Here's Chapter 12 - (length 08:02)
https://librivox.org/uploads/triciag/homemaker_12_canfield_128kb.mp3
In which we get some brief updates on how Lester and the kids are keeping house.
KevinS wrote: ↑March 1st, 2021, 6:22 pm
Your reading is wonderful, of course, but I can't put my finger on why I'm enjoying the content so much. It's a bit like watching a pleasant movie from the 40s, I guess, without the melodrama.
Kevin, thank you for such a kind remark on my reading. I wasn't sure about tackling a long work of fiction, not my usual material, wondering if I'd sound as dry as though I were reading a government report. It gives me confidence to hear that one listener is finding it engaging.

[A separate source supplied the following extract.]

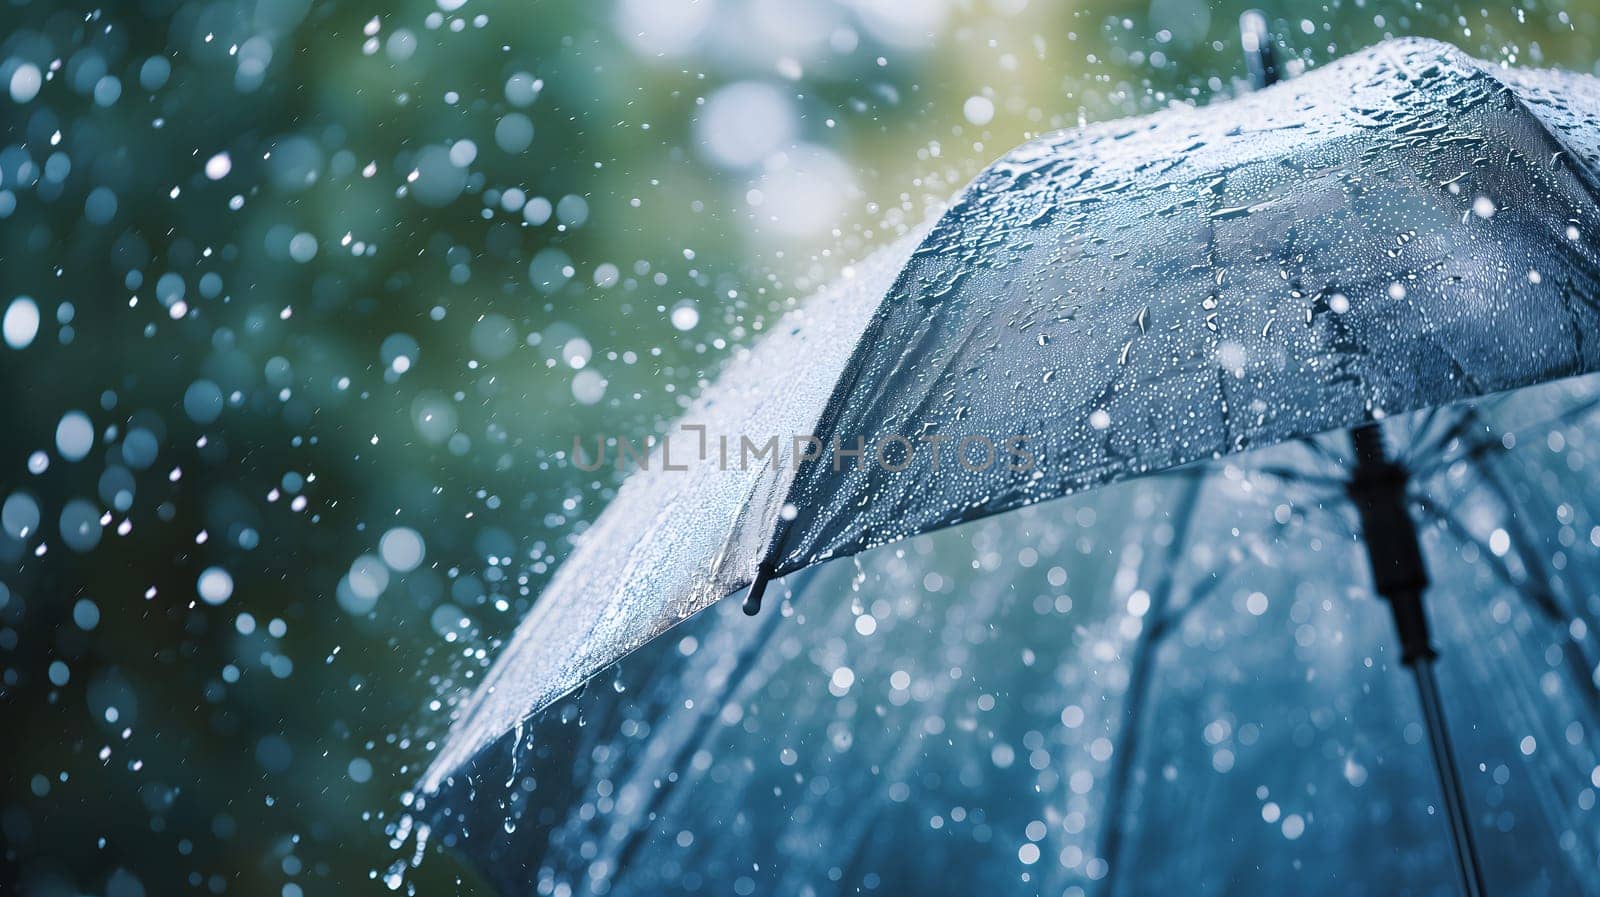 Close up, transparent umbrella under rainfall against a background of water droplets splashing. Concept of rainy weather. by z1b

As to the content, I'm also finding it enjoyable. It's like a time-capsule of a particular moment in history, when people were questioning gender roles in the aftermath of WWI, and asking questions that still seem relevant almost 100 years later. Your remark that it feels like a 1940's movie got me started wondering whether there had ever been a 1920's movie of it, when the book was first out, and sent me off to search for the answer. To my delight, I discovered that - Yes! There was a 1925 movie! Directed by King Baggot, and starring Clive Brook and Alice Joyce as Lester and Eva. Even better, the movie has survived, when so many silent movies have been lost. And
judging from this review, it was actually a pretty good and faithful adaptation of the book. Unfortunately there doesn't seem to be a copy of the movie available on line, but I am hoping it will crop up somewhere eventually, so I can watch it.